As soon as Mom left, winter fell hard like a bad omen. We weren’t used to being so cold, and despite the good coats and shoes Mom had found for us, we came home from school chilled to the bone every day. Plus, we struggled to fit in with the other kids in the village. The school was small, and boys and girls were separated. My teacher was named Germinal, and my sisters had a young woman named Teresa. Both teachers worked hard to educate us, but the local boys missed a lot of school. The farms needed them to work since most young men were fighting on the front.
The morning of November 25, we arrived early at school before the sun even came out. The classrooms were freezing. The teachers had no wood to start a fire in the stove, and we kept our coats and gloves on all day. Yet when Germinal began to speak, I forgot about the cold and listened with rapt attention.

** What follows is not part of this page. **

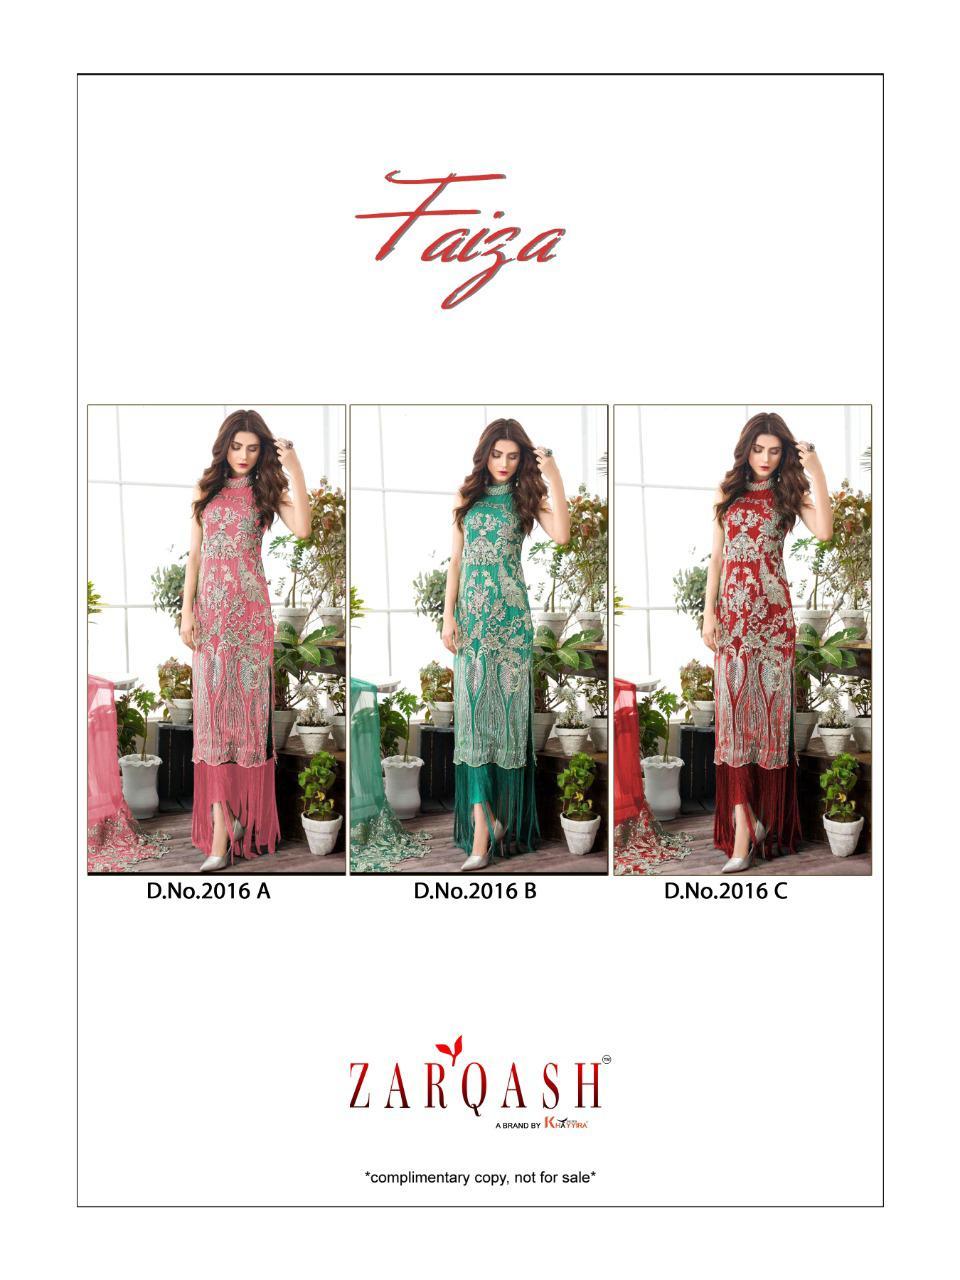 Zarqash Faiza by Khayyira Salwar Suit Wholesale Catalog 3 Pcs 5 - Zarqash Faiza by Khayyira Salwar Suit Wholesale Catalog 3 Pcs

“The great philosopher José Ortega y Gasset, the brightest mind to come out of our country, taught us we cannot live as islands. He said, ‘I am myself plus my circumstance, and if I do not save it, I cannot save myself.’ We are part of the world, dear students. Everything that happens around us affects us. We live in times of opposing factions, of brothers fighting brothers. Some say that the important thing is morality, something perverted by revolutionary ideals. Others talk about proletariat love and the brotherhood of all people, but the truth is that with morality we restrain the errors of our primal instincts. However, love is capable of tempering the errors of morality. The left and the right are diametrically opposite realities—but, as the philosopher said, they are two ways for humans to be imbeciles. Surely some will declare that their ideologies are what make the world go ’round, when actually ideologies are what destroy it.”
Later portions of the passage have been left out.